Archäologie im 20. Jahrhundert als Spielball von Ideologien: 
die neue Sonderausstellung im Südtiroler Archäologiemuseum Bozen vom 25.11.2025 bis 8.11.2026.

 

Archäologie erzählt Geschichte – und wurde im 20. Jahrhundert selbst Teil politischer Geschichte. Zwischen 1920 und 1972 geriet die Archäologie in Südtirol in den Sog autoritärer Systeme. Faschistische italienische Forscher suchten Belege für die „römische Vergangenheit“ in Südtirol, während nationalsozialistische Wissenschaftler urgeschichtliche Funde als „germanisches Erbe“ instrumentalisierten. Die Ausstellung UNDER PROPAGANDA zeigt, wie stark archäologische Objekte und Grabungen ideologisch überhöht und politisch missbraucht wurden – und wie lange diese Spannungen nachwirkten. Zahlreiche, erstmals präsentierte Funde werden nun auf Grundlage aktueller Forschung wissenschaftlich neu eingeordnet. Interaktive Stationen ermöglichen einen Blick in historische Grabungsdokumente und veranschaulichen Arbeitsweisen früherer Generationen. Ein vielfältiges Aktions- und Rahmenprogramm für Erwachsene und Kinder erlaubt Zugänge zur Ausstellung für unterschiedliche Zielgruppen. Die Ausstellung richtet sich sowohl an ein interessiertes Fachpublikum als auch an die breite Öffentlichkeit.


Das Forschungsprojekt

Der Ausstellung ging ein einjähriges Forschungsprojekt voraus. Die Archäologen am Südtiroler Archäologiemuseum, Andreas Putzer und Günther Kaufmann durchforsteten dafür Archive in Südtirol, Österreich, Deutschland, Italien, der Schweiz sowie die Alliierten-Dokumentationsstelle in Maryland/USA. Zusammen mit dem Historiker Alessandro Livio werteten sie Tausende Grabungsdokumente, Korrespondenzen und Aufzeichnungen aus. So konnten zahlreiche Fundkomplexe erstmals fachgerecht dokumentiert und von der Forschung neu interpretiert werden. Der Zeichner Marco Pontalti vervollständigte die Dokumentation mit wissenschaftlichen Bleistift- und Tintenzeichnungen der Objekte.
Die Ergebnisse des Forschungsprojekts erscheinen 2026 in einem wissenschaftlichen Katalog.

Ausstellungskonzept

Die Ausstellung erstreckt sich über rund 300 m² im dritten Stock des Museums.

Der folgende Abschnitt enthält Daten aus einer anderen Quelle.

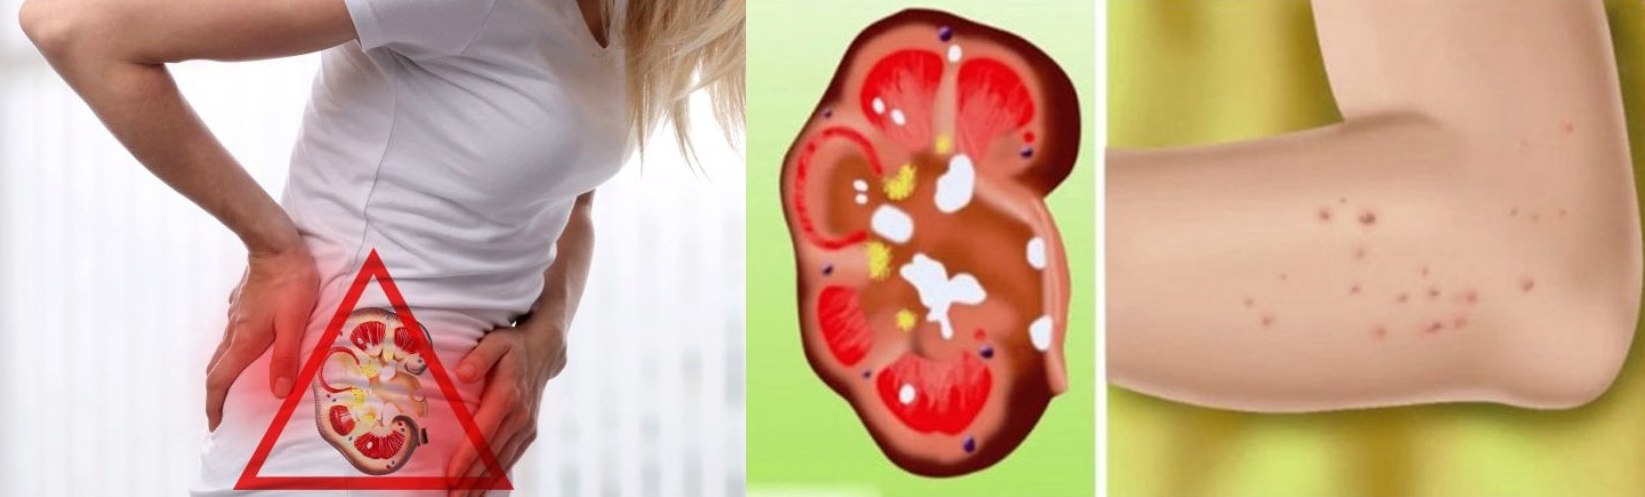 Dacă te dor rinichii, corpul prezintă aceste 8 semnale de alarmă

Ihre Gestaltung spiegelt Materialien und Gebäudeschmuck der rationalistischen Architektur, technische Errungenschaften wie den Volksempfänger (Radioapparat aus der Nazi-Zeit)  und grafische Elemente der Propaganda aus den 1930er Jahren wider.
Im Zentrum der Schau stehen archäologische Funde aus archäologischen Grabungen und Dokumente aus den Jahren 1920–1972, von der Zeit nach dem Ersten Weltkrieg bis zum Ersten Autonomiestatut.
Die Besucherinnen und Besucher erwartet eine mehrere Sinne ansprechende Präsentation von auserlesenen archäologischen Objekten sowie Hör- und Videostationen mit Originaldokumentationen, berühmten Reden und Ausschnitten aus zeitgenössischer Korrespondenz.
Interaktive Elemente laden dazu ein, in die Denkweise und Methoden der Forschung und Ideologie unter Faschismus und Nationalsozialismus einzutauchen – und diese kritisch zu hinterfragen.

Themen und Fundkomplexe

Nach einer allgemeinen Einführung in die besondere Geschichte Südtirols für alle Museumsgäste teilt sich die Ausstellung wird die spannungsreiche Epoche chronologisch in mehrere Ausstellungskomplexe unterteilt, die jeweils eine ideologische Zäsur illustrieren. 
•    Zwischenkriegszeit (1920–1933): Die archäologische Erkundung des Territoriums erfolgt durch archäologische Laien, durch Zufallsfunde oder durch Ankäufe von Grabräubern. Dadurch bleiben viele Objekte in privaten Sammlungen.
•    Archäologie im Zeichen des italienischen Faschismus (1933-1939): Das archäologische Interesse der Machthaber konzentriert sich auf die „Römische Vergangenheit“ des Landes mit dem Ziel, den Gebietsanspruch bis zum Brenner zu legitimieren. Die gebietsfremde „Reale Soprintendenza alle Antichità delle Venezie e Venezia-Tridentina“ in Padua übernimmt eine zentrale Rolle und entlässt lokale, als Archäologen tätige Laien. Erstmals werden systematisch archäologische Grabungen durch Fachleute durchgeführt.
•    NS-Zeit (1943–1945): Die deutsche Wehrmacht besetzt Italien, römische Funktionäre werden entlassen. Die Kulturkommission des „SS-Ahnenerbes“ dokumentiert Südtiroler Fundstellen und erfasst Sammlungen mit dem Ziel, sie im Zuge der „Option“ außer Landes zu bringen. Einige archäologischen Objekte werden als Geschenke an den Führer Adolf Hitler außer Landes gebracht.
•    Nachkriegszeit (1945–1972): Die archäologische Arbeit wird zunächst mit denselben ideologisch geprägten Positionen aus der Kriegszeit wieder aufgenommen. Nach und nach werden inzwischen akademisch ausgebildete lokale Archäologen und Historiker eingebunden. Das Autonomiestatut von 1972 überträgt die Kompetenzen für die Archäologie vom italienischen Staat (Soprintendenza per le antichità delle Venezie in Padua) nach Bozen an die neu gegründete Autonome Provinz.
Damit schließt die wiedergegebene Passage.